Segundo informou a autarquia poveira, está em causa um alegado contrato-promessa firmado entre o CDP e a empresa PEC – Projetos, Consultoria e Investimento, com sede em Angola, para o desenvolvimento de um projeto residencial nos terrenos do clube, junto à costa.

O empreendimento acabou por não ter sequência, uma vez que o Plano Pormenor para essa zona, denominada E54, foi suspenso em 2018 pela autarquia, deixando de contemplar possibilidade de construção, levando a empresa a reclamar uma indemnização junto do Tribunal Administrativo e Fiscal do Porto .

“Esta empresa diz ser titular de um contrato, firmado em janeiro de 2018, com o Clube Desportivo da Póvoa, que lhe prometeu vender os seus terrenos para serem edificados. Peticiona agora a condenação do município no montante de 13 milhões de euros a título de indemnização por imposição de sacrifícios, explicou o presidente da Câmara da Póvoa de Varzim, Aires Pereira.

O autarca considera que o município “tem bons argumentos” para contrapor à exigência da empresa, mas mostrou “preocupação sobre a forma como fica a situação do CDP e como foi alienado o seu património”.

“O contrato não foi do conhecimento dos sócios do CDP, a quem foi dito que era confidencial. Perante esse desconhecimento, temo que o clube e os seus sócios já não sejam donos desse património”, acrescentou Aires Pereira.

O Plano Pormenor da Zona E54 contempla uma área de terrenos à beira-mar, onde estão edificados os equipamentos do Varzim Sport Clube, do Clube Desportivo da Póvoa, e também a Praça de Touros local, propriedade do município.

Feito em 2009, o Plano Pormenor contemplava a construção de um projeto imobiliário, residencial e comercial, nesses terrenos, e a deslocação dos equipamentos desportivos e de lazer existentes no local para o Parque da Cidade, caso os clubes assim o decidissem.
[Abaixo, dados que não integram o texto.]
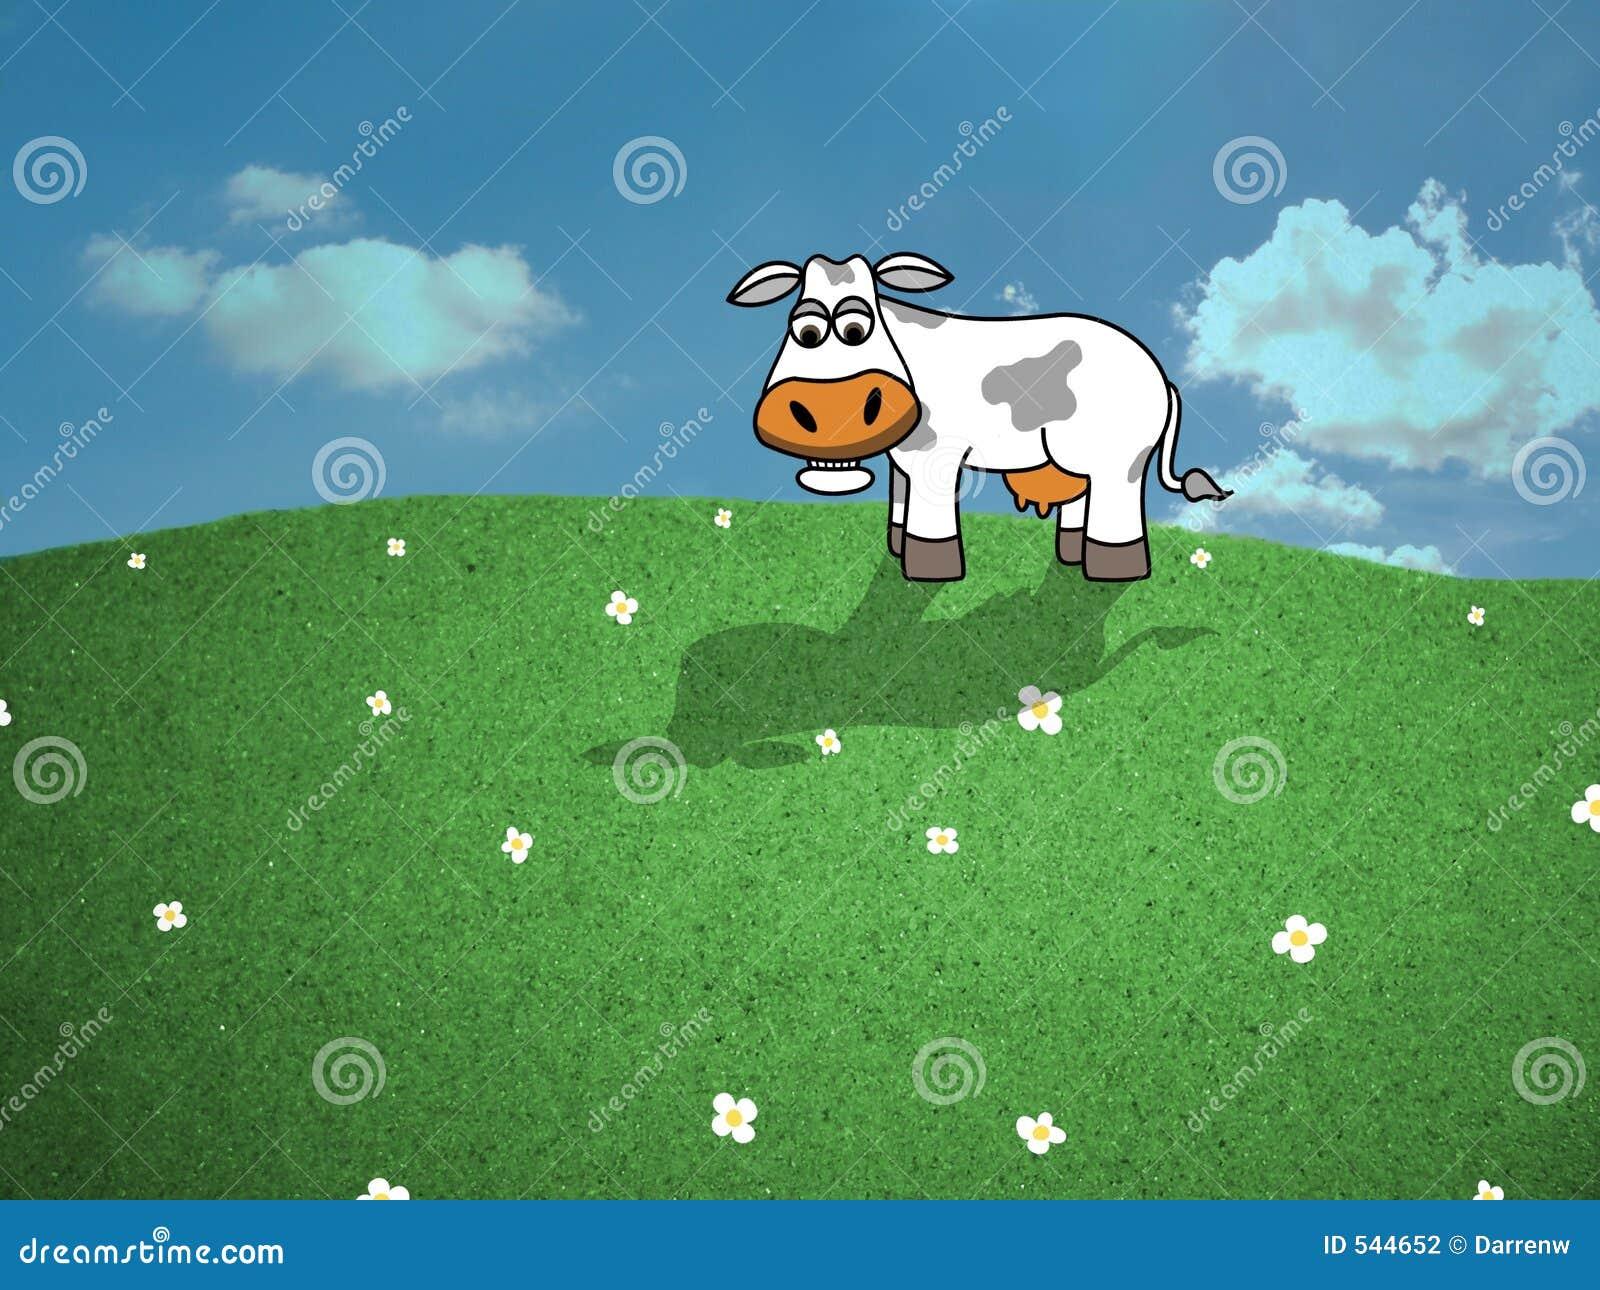 Download 母牛讲台 库存例证. 插画 包括有 可笑, 漫画, 查出, 图画, 动画片, 查找, 敌意, 小山, 设计, 范围 - 544652
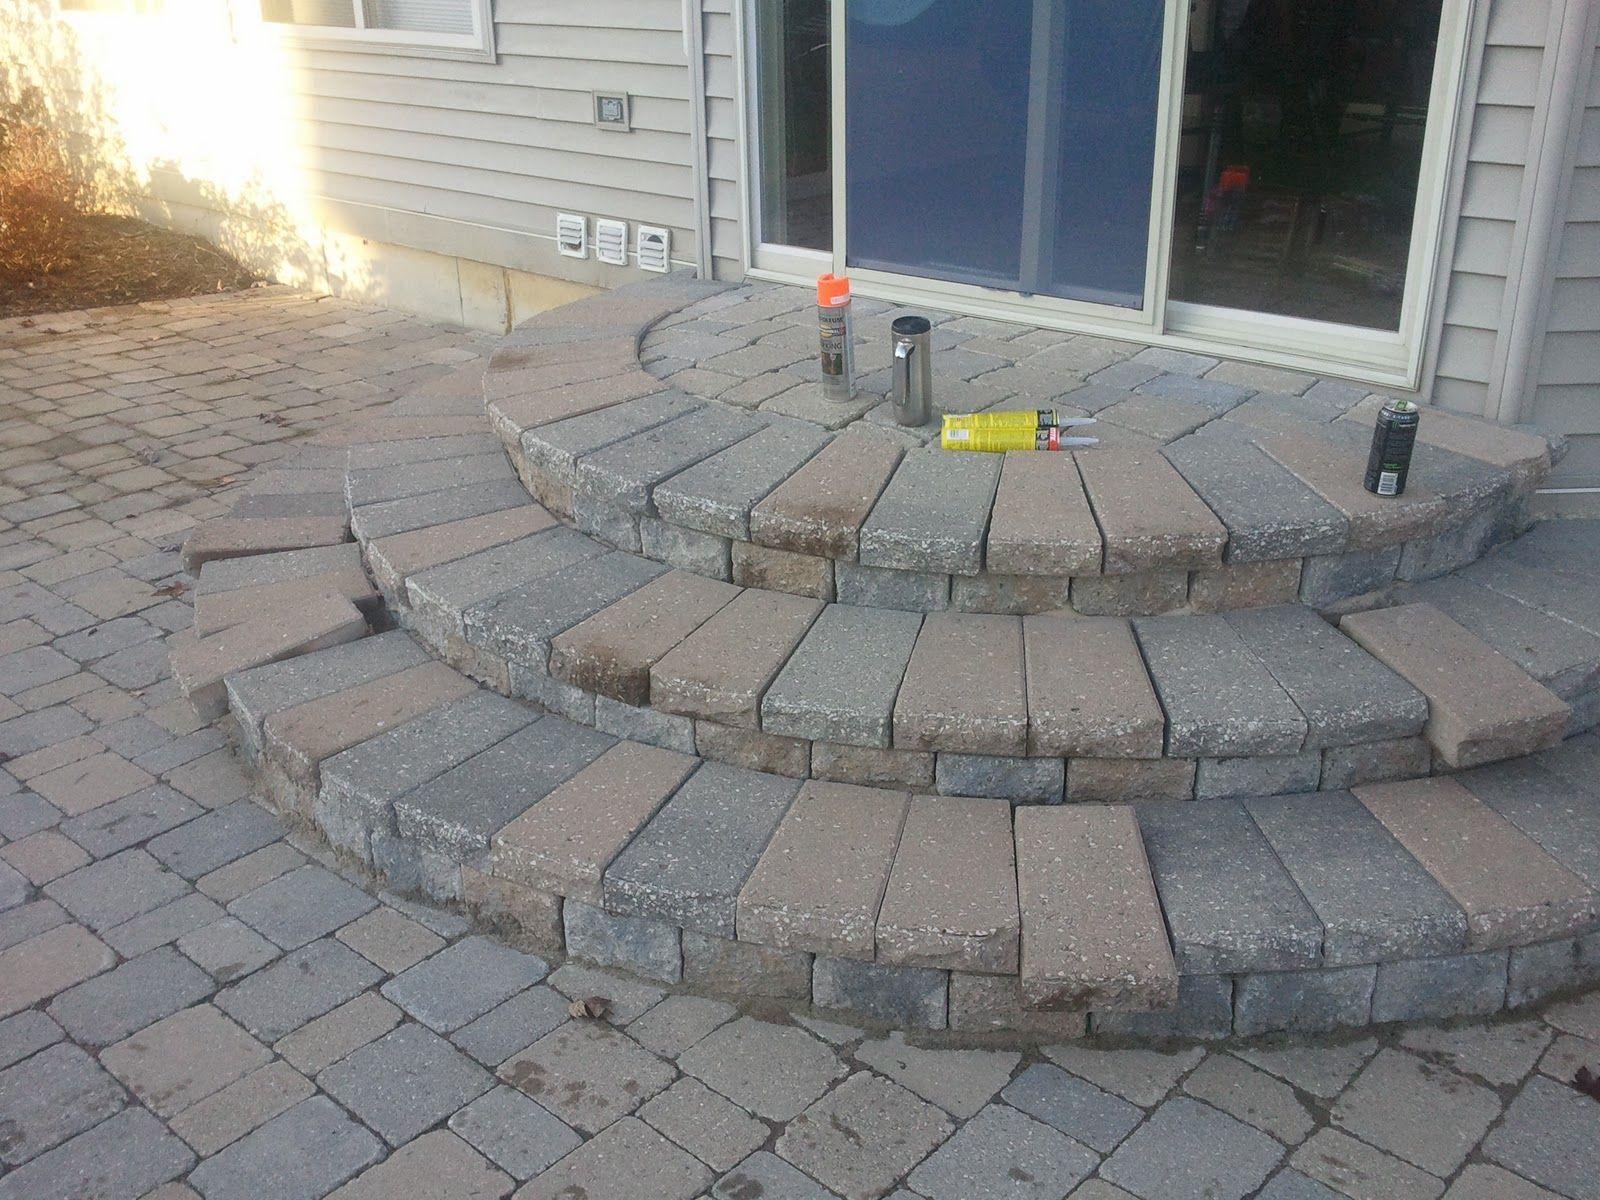 brick pavers CantonPlymouthNorthvillepatioRepairCleaningSealing & brick pavers CantonPlymouthNorthvillepatioRepairCleaning ...

O Varzim, que inicialmente mostrou intenção nessa mudança e na construção de um novo estádio, acabou por desistir, levando a câmara poveira, em 2018, a considerar que seria necessário rever o processo e a suspender o Plano Pormenor.

O CDP, que perante a posição do Varzim também optou por manter as suas instalações desportivas no local atual, acordou, no entanto, com a empresa PEC, a construção de um edifício residencial, em parte dos seus terrenos.

Já em junho deste ano, o clube fez um aditamento ao contrato, cedendo à empresa angolana todos os direitos adquiridos no decurso do Plano Pormenor, incluindo uma eventual indemnização, que seria divida em partes iguais.

Entretanto, a Câmara submeteu um novo Plano Pormenor para a zona E54, que entrou agora num processo de discussão pública por 90 dias, que contempla reconversão da Praça de Touros num pavilhão multiusos, obras de requalificação no estádio do Varzim e a construção de zonas de estacionamentos e uma alameda.

A autarquia diz-se disponível para apoiar também o CDP na requalificação dos seus equipamentos desportivos, mas não contempla a construção de peças imobiliárias no local, com o presidente da autarquia a lembrar que “o direito de planeamento público se sobrepõe ao direito privado”.

“O Plano Pormenor é uma atividade que não depende de propriedade. Se houver gente que não queira participar, há instrumentos legais para que o Plano se cumpra. Sempre dissemos que não havendo uma mais-valia imobiliária para melhorar os equipamentos, o município assume o compromisso de apoiar”, disse Aires Pereira.

A agência Lusa tentou, sem sucesso, contactar o presidente do Clube Desportivo da Póvoa (CDP) para obter uma reação.